Everything the installer creates is idempotent. Re-running it is safe.

Unattended install (for AI agents / CI)

The installer works non-interactively if every decision is passed as a flag. Stdin not being a TTY is auto-detected; missing --summarizer becomes a hard error (everything else falls back to sensible defaults). API keys are never requested programmatically — pass --skip-secrets and the installer prints the exact command the user needs to run afterwards.

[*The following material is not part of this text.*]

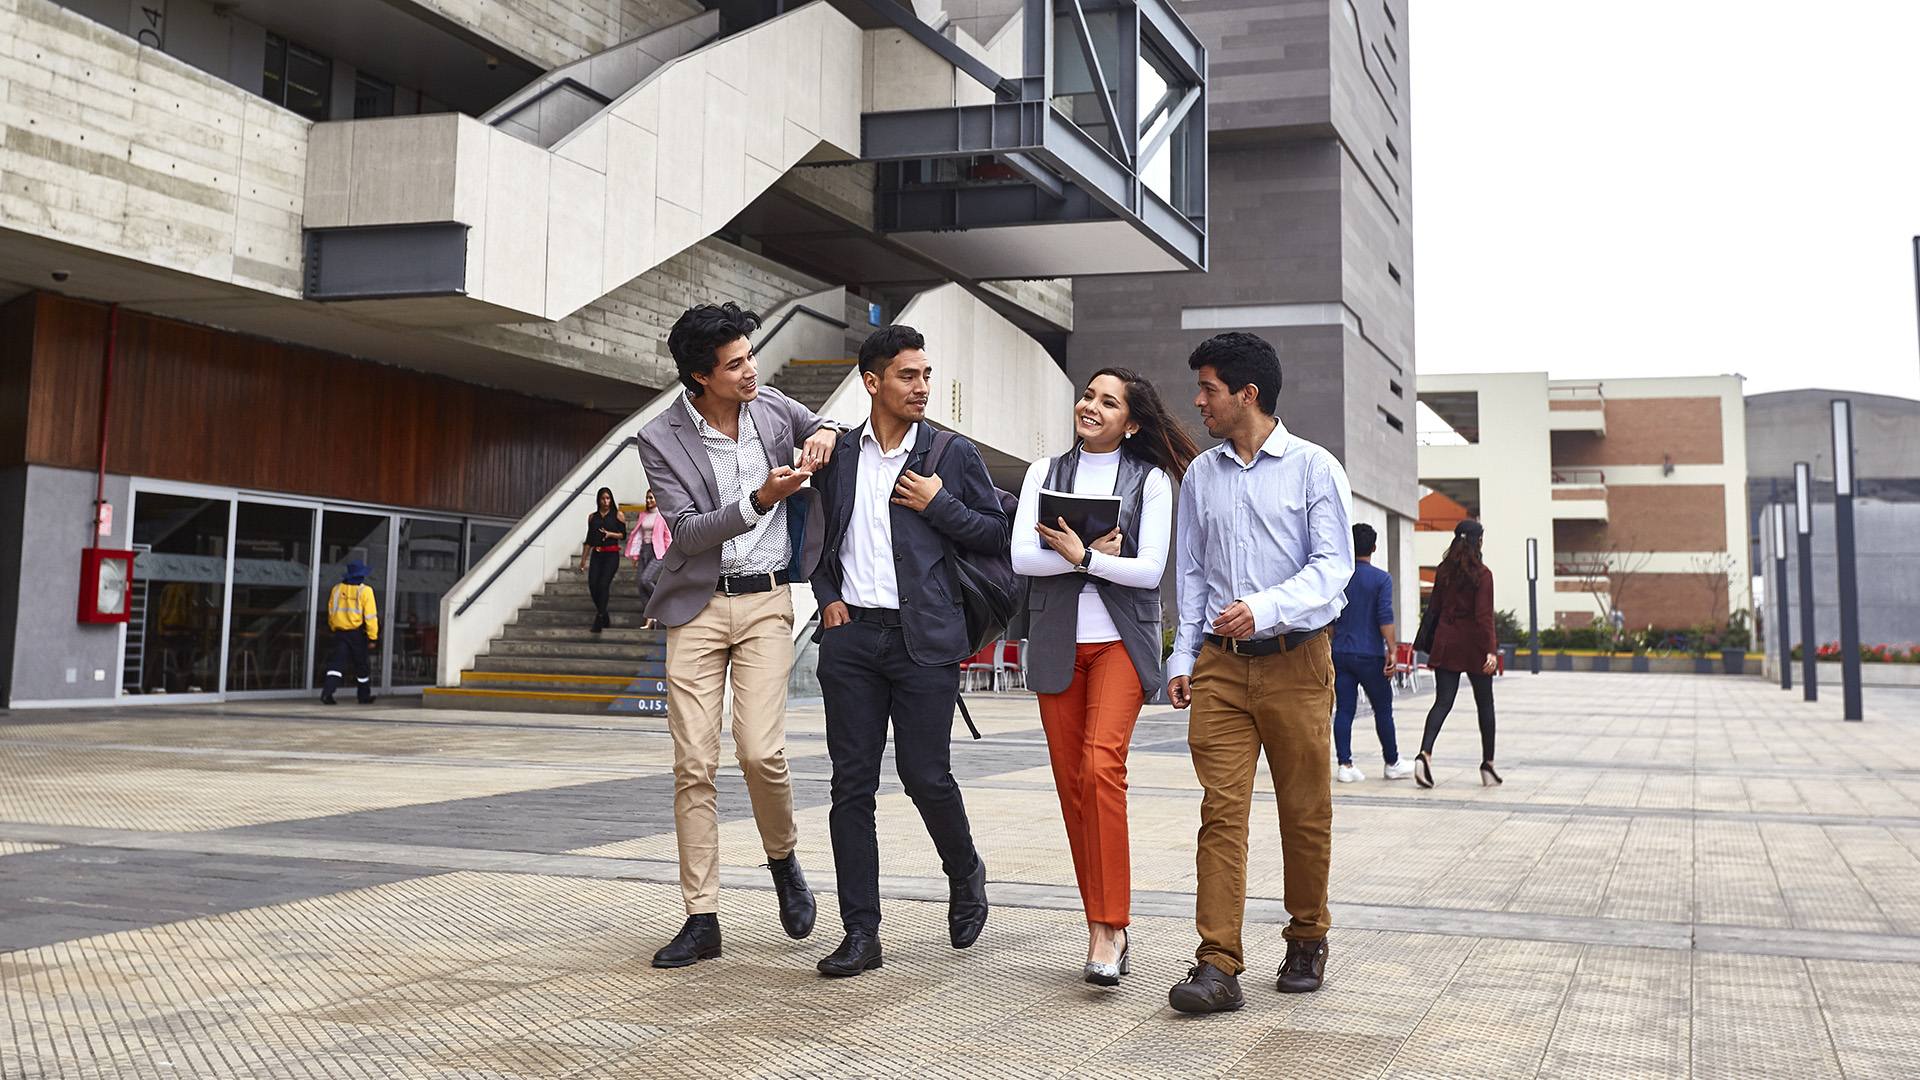 estudiantes de maestrias y doctorados de la escuela de posgrado pucp: cuatro estudiantes jóvenes de aproximadamente 30 años caminnado delante de un edificio moderno.

./scripts/macos/install.sh \
    --summarizer anthropic \
    --source granola \
    --vocabulary sqlite \
    --scope work \
    --internal-domains mycompany.com,myco.co.uk \
    --skip-secrets

After the install finishes, the user (not the agent) runs:

echo 'ANTHROPIC_API_KEY=sk-...' >> ~/.config/meeting-hive/secrets.env
chmod 600 ~/.config/meeting-hive/secrets.env

Verify with a dry-run that doesn't hit the network or LLM:

meeting-hive sync --since 1 --dry-run --verbose

./scripts/macos/install.sh --help lists every flag.

Schedule

Default: Monday-Friday at 00:00 local time. Override via installer flags:

./scripts/macos/install.sh --hour 4 --minute 30 --days 1-5
./scripts/macos/install.sh --hour 3 --minute 0 --days 0,2,4,6   # Sun/Tue/Thu/Sat
./scripts/macos/install.sh --days 0-6                           # every day

Weekdays follow launchd's convention: 0 or 7 = Sunday, 1 = Monday, ..., 6 = Saturday. Re-running the installer with different flags regenerates the plist and reloads the agent.

Uninstall

./scripts/macos/uninstall.sh              # removes launchd agent, plist, and CLI symlink
./scripts/macos/uninstall.sh --purge      # also removes config, vocabulary DB, logs
./scripts/macos/uninstall.sh --purge --nuke-notes  # also removes ~/.meeting-notes/ (data loss)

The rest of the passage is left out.